• [Input data]:
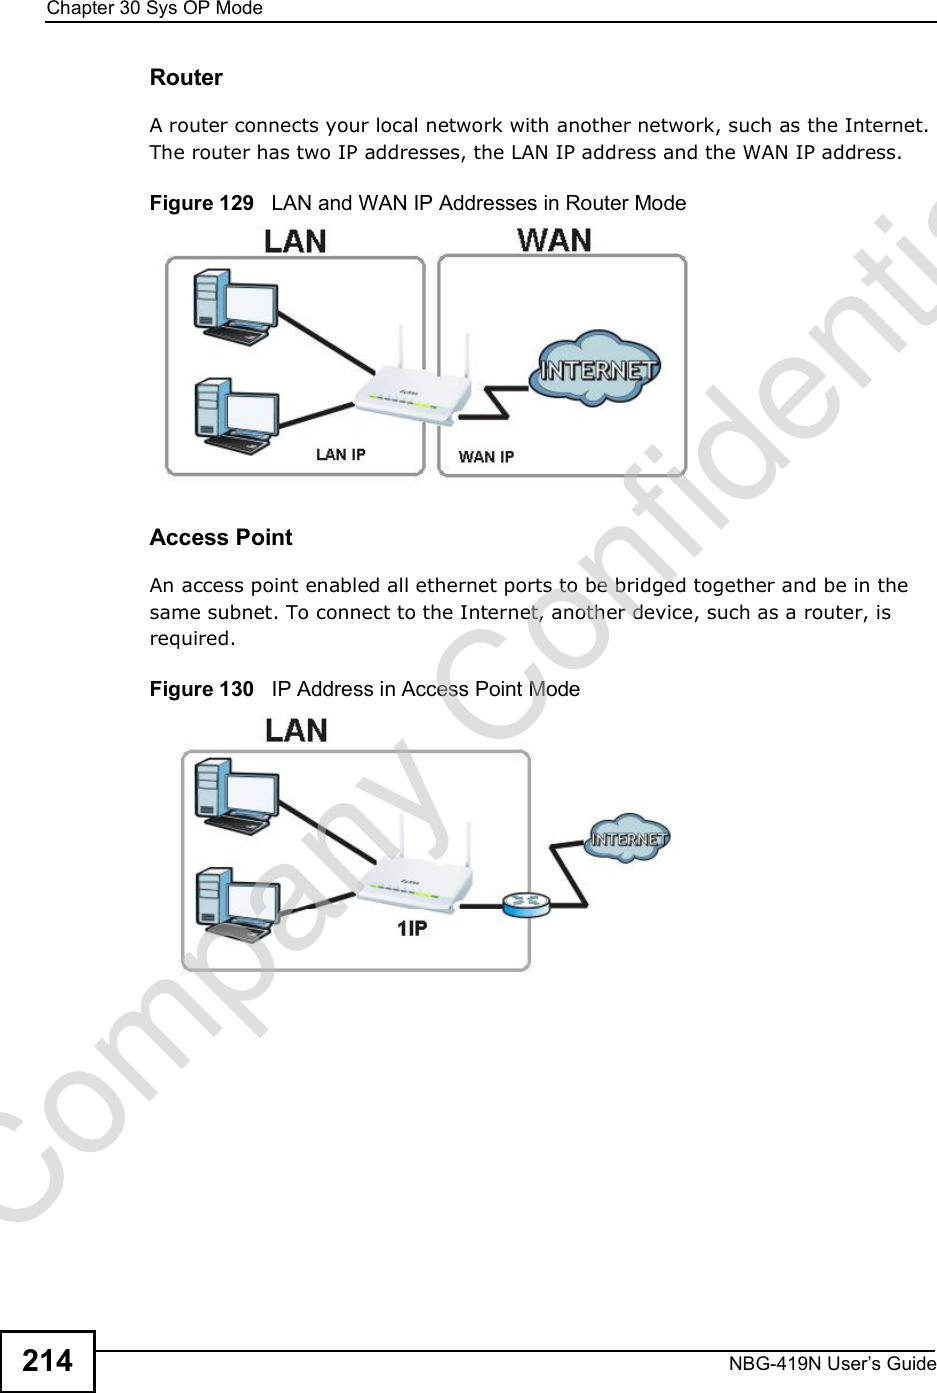 Chapter 30Sys OP ModeNBG-419N User s Guide214RouterA router connects your local network with another network, such as the Internet. The router has two IP addresses, the LAN IP address and the WAN IP address.Figure 129   LAN and WAN IP Addresses in Router ModeAccess PointAn access point enabled all ethernet ports to be bridged together and be in the same subnet. To connect to the Internet, another device, such as a router, is required.Figure 130   IP Address in Access Point ModeCompany Confidential
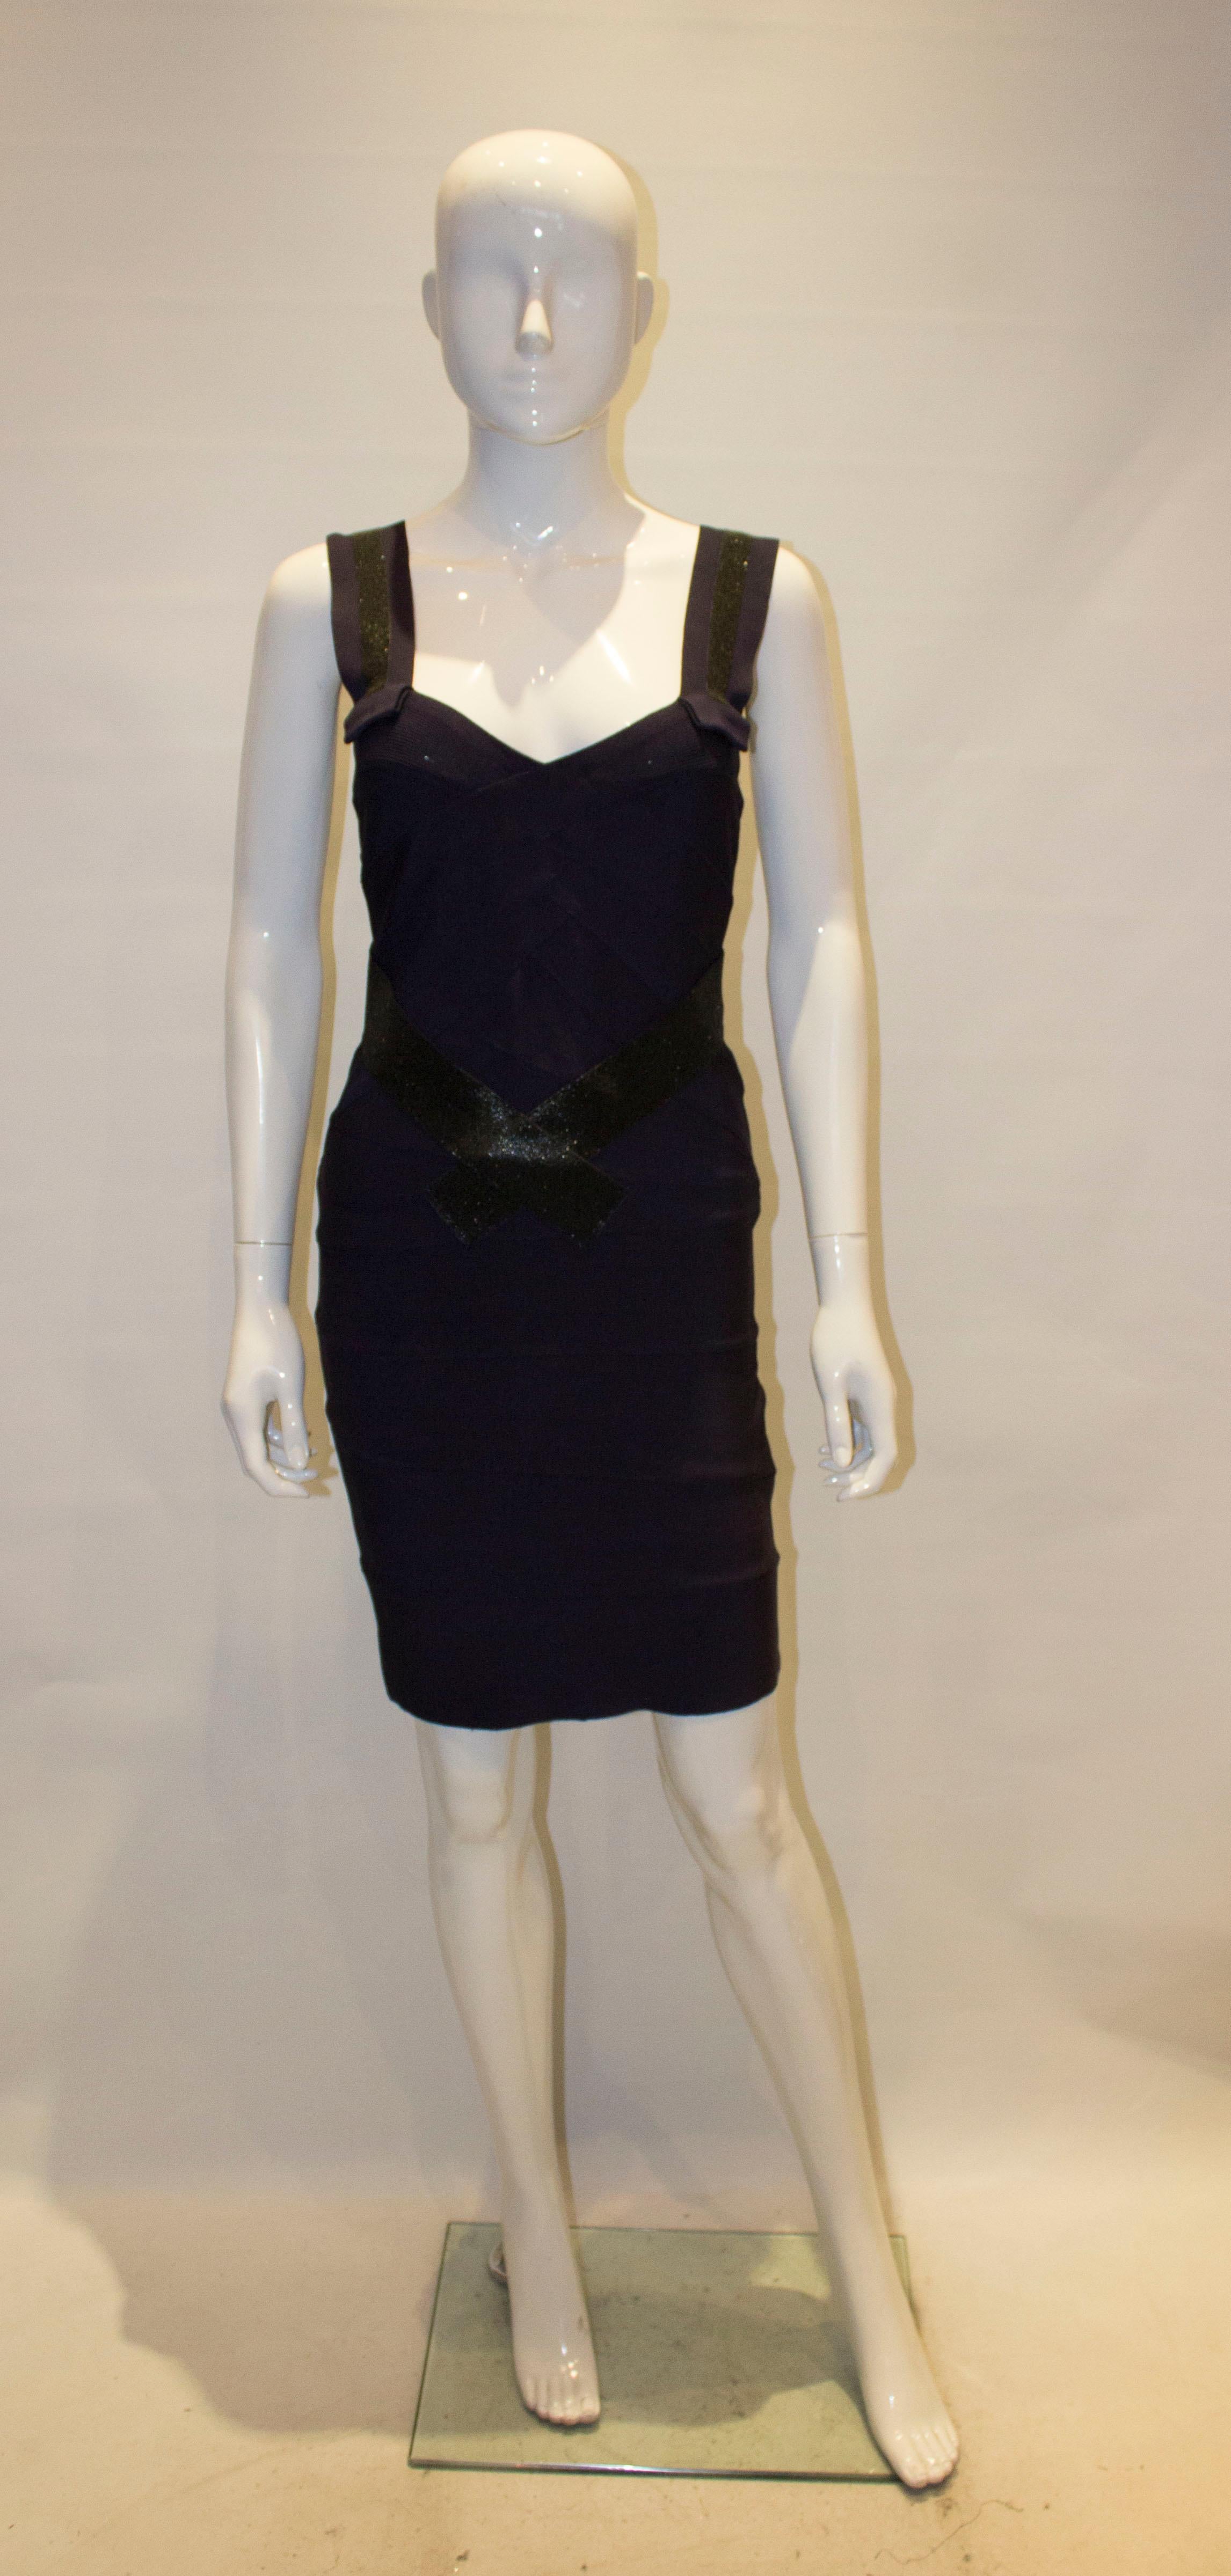 A chic cocktail dress by Herve Leger. The dress is in an attractive  dark aubergine colour with black sparkle detail on the shoulder straps, front and back.
Measurements: the dress is marked a size S, bust 32'' before stretch, waist 27'', length 36''
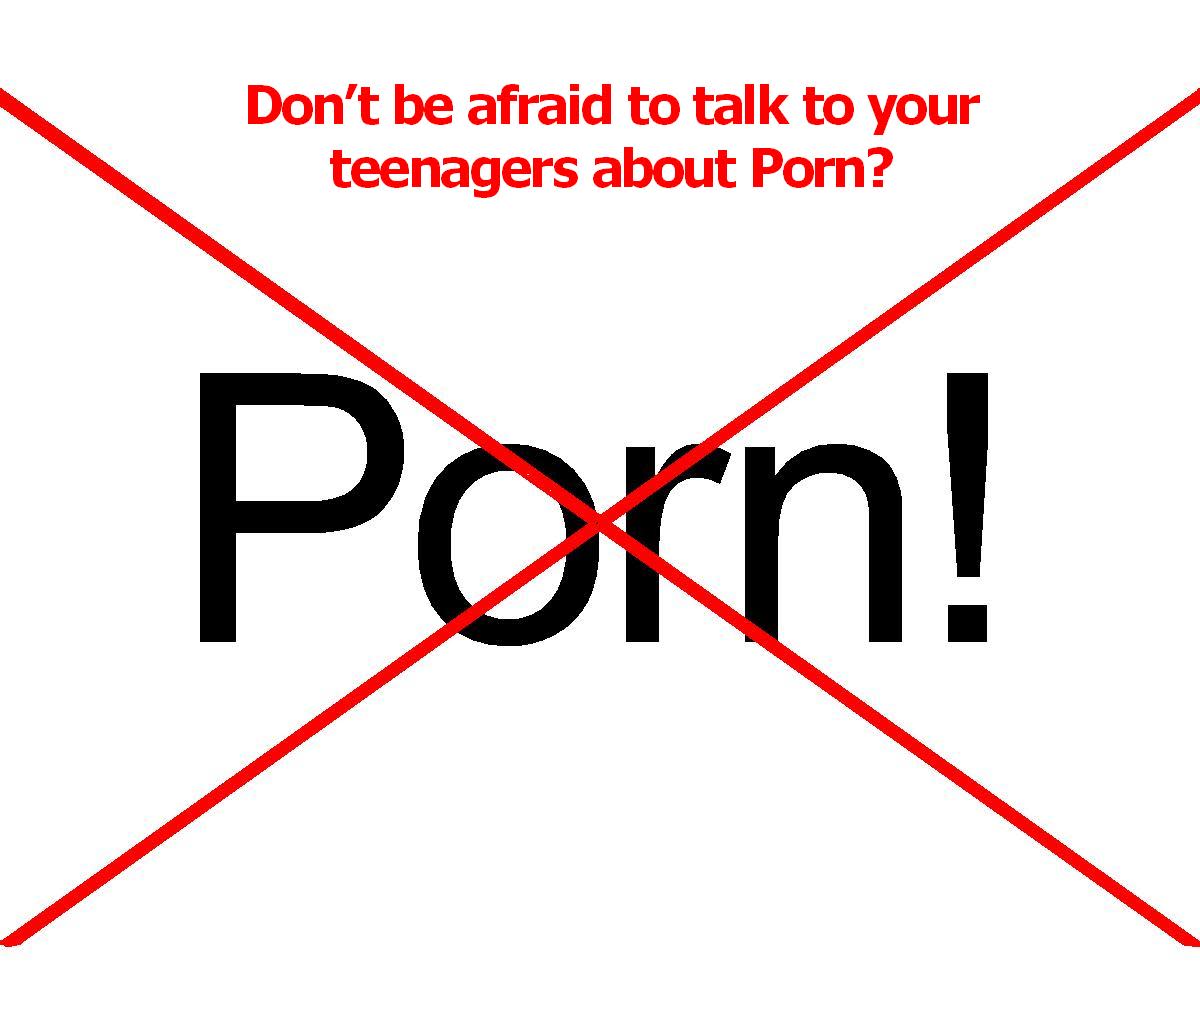 Don't be afraid to talk to your teenagers about porn!

• [Aim of the exercise]:
Set down all of the data word for word; no pictures belong in it.

• [Exercise solution]:
 Chapter 30Sys OP ModeNBG-419N User s Guide214RouterA router connects your local network with another network, such as the Internet. The router has two IP addresses, the LAN IP address and the WAN IP address.Figure 129   LAN and WAN IP Addresses in Router ModeAccess PointAn access point enabled all ethernet ports to be bridged together and be in the same subnet. To connect to the Internet, another device, such as a router, is required.Figure 130   IP Address in Access Point ModeCompany Confidential
 A chic cocktail dress by Herve Leger. The dress is in an attractive  dark aubergine colour with black sparkle detail on the shoulder straps, front and back.
Measurements: the dress is marked a size S, bust 32'' before stretch, waist 27'', length 36''
 Don't be afraid to talk to your teenagers about porn!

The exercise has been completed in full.